My thesis was completed and handed in last month, and I had my viva last week. Academically it has exceeded every expectation, but no one is interested in that, what's important is the results and analysis from the project. Now, I don't think I can share the full thesis until after my mark is finalised (which is my plan), but I can summarise my findings now. Essentially the result was that the computer tuned AI sucked, but wasn't a complete failure. This first attempt was a shot in the dark though, and honestly things worked better than they had any right to be. Details below.
The final conclusion was that everything worked great, except the GA fitness algorithm. This basically just tracked a few statistics about each game and then turned them into predicted survey responses.
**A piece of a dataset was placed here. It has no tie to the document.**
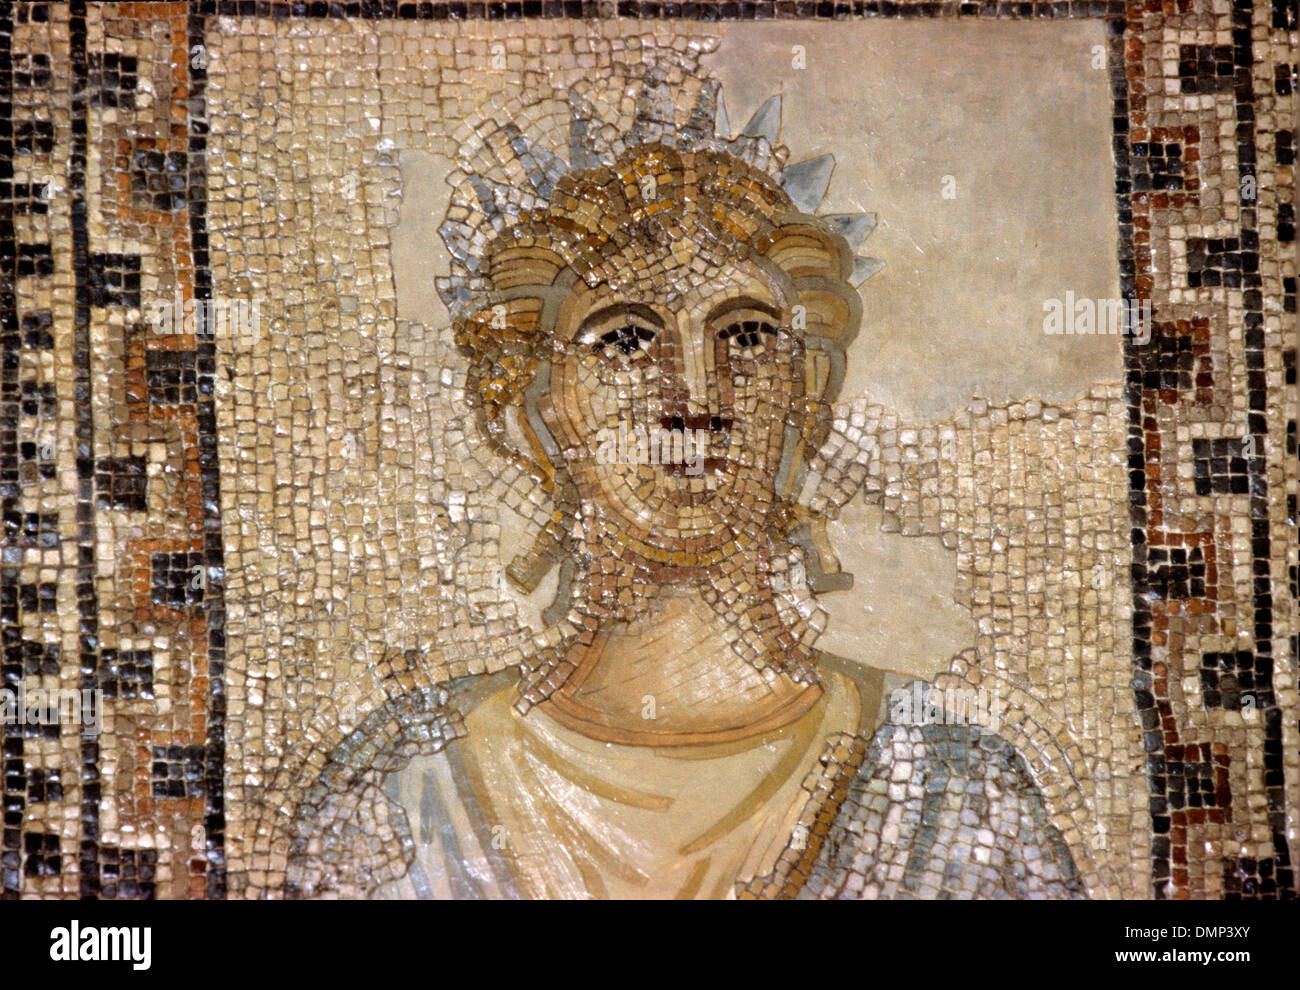 Romano-German period. Mosaic. Calliope or Kalliope, muse of epic poetry and eloquence. Stock Photo

The algorithm was based entirely on guesswork, I had no previous studies to work with, and no experience with game analytics; this study has helped with both of those. So to realise the benefits, I think all we need to do is sort out the analytics side and the automated analysis of that. The analytics used in this study were all home made, done on an extremely tight schedule (i.e. a couple of days) and I know for sure there are better ways of doing it, unity has everything you could want here. That just leaves the automated analysis.
On the automated side there's no standard system for doing it, but there were some survey metrics that did have some level of success with prediction here, certainly nothing particularly accurate, but something at least. I'm certain that with decent analytics info, and some calibration tests, we could produce a solid fitness test. The thing with this is that the fitness doesn't have to be extremely accurate or detailed to produce valuable results. If the automated system can get an AI this complicated half tuned, in an afternoon then that's a big improvement over what we have now. Additionally there's not just one "perfect" tuning, there's going to be multiple generally good solutions, and countless more specialised tunings for different tastes; you just can't experiment that much doing it manually.
End result is that I'm excited for this technology, I'll be pushing ahead with it at some point in the future for sure. Do I think a GA tuning is necessary or the right idea for the early Hunter's Moon releases? No. Do I think it'll be invaluable at a later stage, especially for the general simulator project (whatever we end up naming it)? Yes, absolutely.
I'm hoping the thesis will be up in the next month or so, whenever I get my final grade. There's a couple issues, typos, etc. with it but it's presentable enough.